With this award, the Chemical Catalysis Program of the NSF Division of Chemistry is supporting the research of Professor Patrick J. Walsh at the University of Pennsylvania. Professor Walsh is developing synthetic chemical methods to prepare molecular compounds using carbon monoxide (CO) and other more complex molecules as key reagents. The sequence of reactions employed prepares products that contain a "ketone" functional group, which contains a carbon bearing a double bond to an oxygen and single bonds to two other carbons. Ketones are found in numerous natural products and biologically active compounds, making them highly valuable intermediates and products. Ketones can be difficult to prepare and thus, they are the targets of this study. In addition to a streamlined method to synthesize ketones, the researchers are performing experiments that help them understand how the reactions occur. Other researchers can use these methods to design new reactions based on this fundamental understanding. Through this award, university students are involved in undergraduate research experiences in Professor Walsh's labs and will be co-authors on refereed publications. Upon graduation, these skilled researchers contribute to chemical industry, supporting the US economy. In addition, Professor Walsh gives annual lectures to high school organic chemistry students about his NSF supported research.

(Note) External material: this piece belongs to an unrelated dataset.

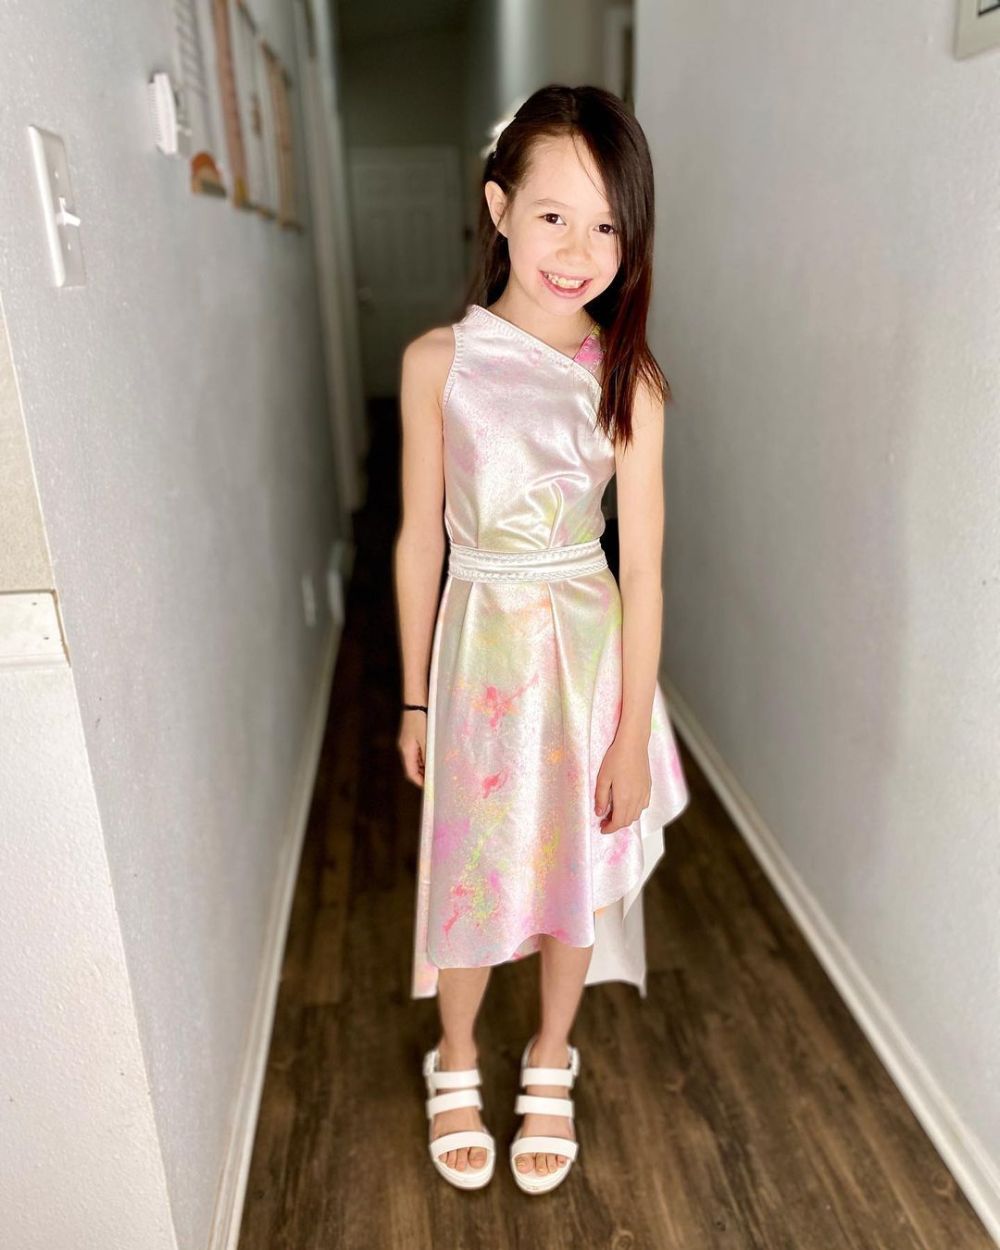 Menina de 9 anos que costura suas próprias roupas fica famosa no mundo da  moda - Revista Crescer, Educação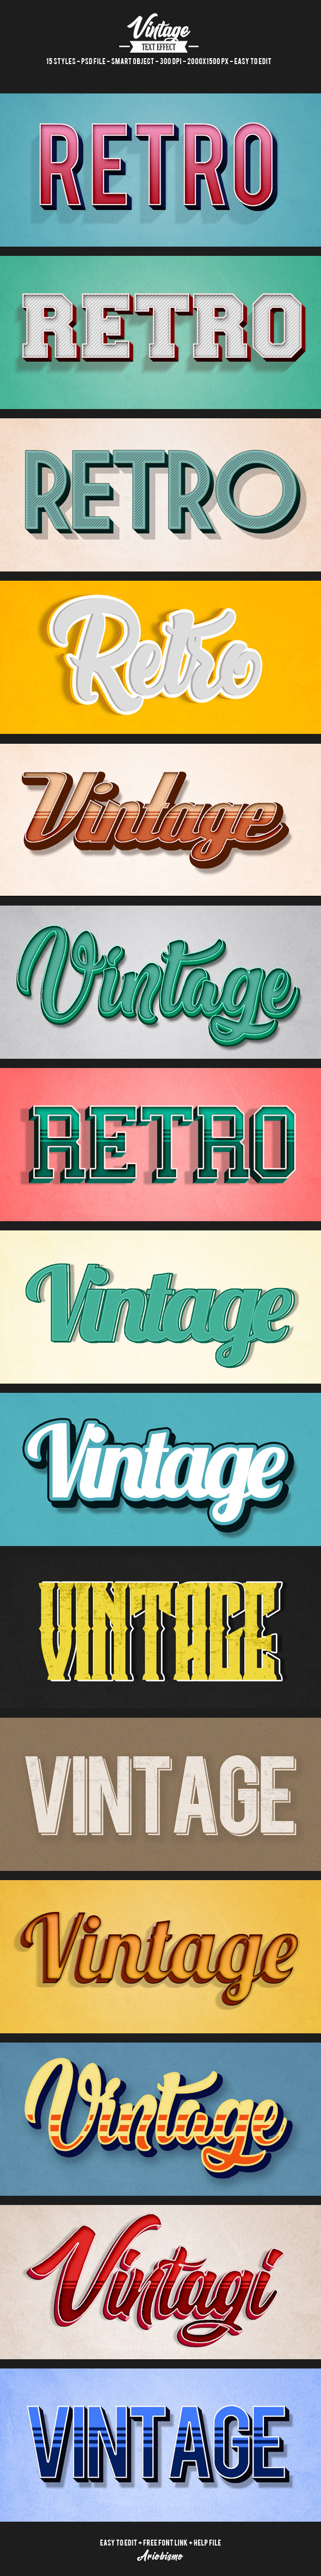 高端50年代60年代70年代3D立体vintage text

In this proposal, Professor Walsh is developing new catalysts, developing novel practical reactions, and delineating their reaction mechanisms. Much of the research involves the application of weakly acidic pro-nucleophiles in carbon-hydrogen (C-H) functionalization/carbonylation reactions under basic conditions. This approach avoids prefunctionalization and directing group strategies, enabling the efficient construction of C-C bonds. The objectives of the investigations include developing deprotonative carbonylation cross-coupling reactions (DCCC) and mapping the scope of weakly acidic substrates for DCCC reactions. The carbonylation of aryl halides is a powerful method to access esters, amides, aldehydes and ketones. Despite progress in the synthesis of ketones via such carbonylations, a significant gap in knowledge remains that prevents realization of its full potential. Current methods rely on carbonylation of aryl halides in the presence of preformed organometallic reagents. Drawbacks to this approach include the need to prepare or purchase these organometallic reagents, which can be toxic (organotins) or air/water sensitive (organoborons). The synthesis of these reagents adds costs and generates additional waste. The Walsh group is advancing practical approaches involving functionalization of pro-nucleophile C-H bonds in the carbonylation (1 atm CO) of aryl halides. This reaction is being performed based on mechanistic investigations and parameter screening. The scope and limitations of the method are being explored. In addition to the above-mentioned societal benefits, the methods developed herein are enabling other researchers to solve important synthetic problems. Furthermore, the new conceptual and synthetic methods may have a positive impact on the quality of life when used in the preparation of intermediates, medications, agricultural products, or materials in academics or industry.

This award reflects NSF's statutory mission and has been deemed worthy of support through evaluation using the Foundation's intellectual merit and broader impacts review criteria.